(Items from a dataset)

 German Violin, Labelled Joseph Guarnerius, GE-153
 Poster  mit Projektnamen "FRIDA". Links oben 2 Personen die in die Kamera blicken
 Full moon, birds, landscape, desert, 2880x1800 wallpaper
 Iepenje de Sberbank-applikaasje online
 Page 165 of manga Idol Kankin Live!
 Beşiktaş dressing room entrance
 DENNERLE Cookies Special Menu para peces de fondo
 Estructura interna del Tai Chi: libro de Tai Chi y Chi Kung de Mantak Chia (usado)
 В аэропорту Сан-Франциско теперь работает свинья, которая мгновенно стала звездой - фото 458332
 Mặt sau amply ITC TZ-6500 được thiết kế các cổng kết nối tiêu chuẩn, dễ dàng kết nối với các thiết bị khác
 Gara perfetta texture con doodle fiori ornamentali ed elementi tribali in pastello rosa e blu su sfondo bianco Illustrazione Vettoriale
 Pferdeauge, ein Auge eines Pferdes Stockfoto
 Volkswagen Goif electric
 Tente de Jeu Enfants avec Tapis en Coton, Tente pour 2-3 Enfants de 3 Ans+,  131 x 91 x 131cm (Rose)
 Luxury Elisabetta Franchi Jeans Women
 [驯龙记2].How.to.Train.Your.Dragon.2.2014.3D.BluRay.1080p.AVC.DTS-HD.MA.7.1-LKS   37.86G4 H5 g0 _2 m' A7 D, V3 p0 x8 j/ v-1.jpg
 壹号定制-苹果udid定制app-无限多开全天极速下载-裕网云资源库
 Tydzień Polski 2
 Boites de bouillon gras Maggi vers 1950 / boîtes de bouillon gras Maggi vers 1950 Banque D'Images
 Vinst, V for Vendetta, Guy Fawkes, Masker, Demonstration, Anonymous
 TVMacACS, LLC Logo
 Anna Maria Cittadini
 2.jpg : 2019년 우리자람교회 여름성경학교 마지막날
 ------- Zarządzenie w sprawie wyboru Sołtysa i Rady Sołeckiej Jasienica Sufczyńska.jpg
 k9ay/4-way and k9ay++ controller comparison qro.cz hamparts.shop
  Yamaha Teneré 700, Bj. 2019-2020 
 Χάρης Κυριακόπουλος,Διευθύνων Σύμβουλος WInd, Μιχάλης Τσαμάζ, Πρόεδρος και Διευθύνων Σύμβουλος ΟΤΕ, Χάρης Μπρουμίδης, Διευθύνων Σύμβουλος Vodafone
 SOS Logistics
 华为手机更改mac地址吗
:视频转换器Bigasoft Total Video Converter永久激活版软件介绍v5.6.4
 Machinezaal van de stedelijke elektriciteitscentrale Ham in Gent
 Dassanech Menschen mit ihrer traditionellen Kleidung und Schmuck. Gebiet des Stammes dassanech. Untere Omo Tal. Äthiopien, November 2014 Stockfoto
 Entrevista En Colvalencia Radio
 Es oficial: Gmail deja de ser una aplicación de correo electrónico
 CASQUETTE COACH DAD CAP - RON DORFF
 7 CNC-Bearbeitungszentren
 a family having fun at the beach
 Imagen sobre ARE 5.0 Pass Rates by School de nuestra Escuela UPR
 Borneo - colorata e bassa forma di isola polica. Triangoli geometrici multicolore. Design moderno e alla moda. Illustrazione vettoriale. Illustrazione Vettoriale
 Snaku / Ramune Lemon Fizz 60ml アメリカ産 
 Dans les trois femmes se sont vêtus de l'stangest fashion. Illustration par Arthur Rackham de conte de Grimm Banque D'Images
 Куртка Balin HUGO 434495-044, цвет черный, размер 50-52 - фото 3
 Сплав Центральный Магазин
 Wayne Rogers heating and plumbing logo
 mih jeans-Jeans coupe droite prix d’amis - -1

*EXERCISE REQUIREMENTS:*
The lines above from the one with "die Kamera blicken" through the one with "Dassanech Menschen mit" are to be duplicated exactly, ends included, with nothing added.

*OUTPUT OF THE EXERCISE:*
 Poster  mit Projektnamen "FRIDA". Links oben 2 Personen die in die Kamera blicken
 Full moon, birds, landscape, desert, 2880x1800 wallpaper
 Iepenje de Sberbank-applikaasje online
 Page 165 of manga Idol Kankin Live!
 Beşiktaş dressing room entrance
 DENNERLE Cookies Special Menu para peces de fondo
 Estructura interna del Tai Chi: libro de Tai Chi y Chi Kung de Mantak Chia (usado)
 В аэропорту Сан-Франциско теперь работает свинья, которая мгновенно стала звездой - фото 458332
 Mặt sau amply ITC TZ-6500 được thiết kế các cổng kết nối tiêu chuẩn, dễ dàng kết nối với các thiết bị khác
 Gara perfetta texture con doodle fiori ornamentali ed elementi tribali in pastello rosa e blu su sfondo bianco Illustrazione Vettoriale
 Pferdeauge, ein Auge eines Pferdes Stockfoto
 Volkswagen Goif electric
 Tente de Jeu Enfants avec Tapis en Coton, Tente pour 2-3 Enfants de 3 Ans+,  131 x 91 x 131cm (Rose)
 Luxury Elisabetta Franchi Jeans Women
 [驯龙记2].How.to.Train.Your.Dragon.2.2014.3D.BluRay.1080p.AVC.DTS-HD.MA.7.1-LKS   37.86G4 H5 g0 _2 m' A7 D, V3 p0 x8 j/ v-1.jpg
 壹号定制-苹果udid定制app-无限多开全天极速下载-裕网云资源库
 Tydzień Polski 2
 Boites de bouillon gras Maggi vers 1950 / boîtes de bouillon gras Maggi vers 1950 Banque D'Images
 Vinst, V for Vendetta, Guy Fawkes, Masker, Demonstration, Anonymous
 TVMacACS, LLC Logo
 Anna Maria Cittadini
 2.jpg : 2019년 우리자람교회 여름성경학교 마지막날
 ------- Zarządzenie w sprawie wyboru Sołtysa i Rady Sołeckiej Jasienica Sufczyńska.jpg
 k9ay/4-way and k9ay++ controller comparison qro.cz hamparts.shop
  Yamaha Teneré 700, Bj. 2019-2020 
 Χάρης Κυριακόπουλος,Διευθύνων Σύμβουλος WInd, Μιχάλης Τσαμάζ, Πρόεδρος και Διευθύνων Σύμβουλος ΟΤΕ, Χάρης Μπρουμίδης, Διευθύνων Σύμβουλος Vodafone
 SOS Logistics
 华为手机更改mac地址吗
:视频转换器Bigasoft Total Video Converter永久激活版软件介绍v5.6.4
 Machinezaal van de stedelijke elektriciteitscentrale Ham in Gent
 Dassanech Menschen mit ihrer traditionellen Kleidung und Schmuck. Gebiet des Stammes dassanech. Untere Omo Tal. Äthiopien, November 2014 Stockfoto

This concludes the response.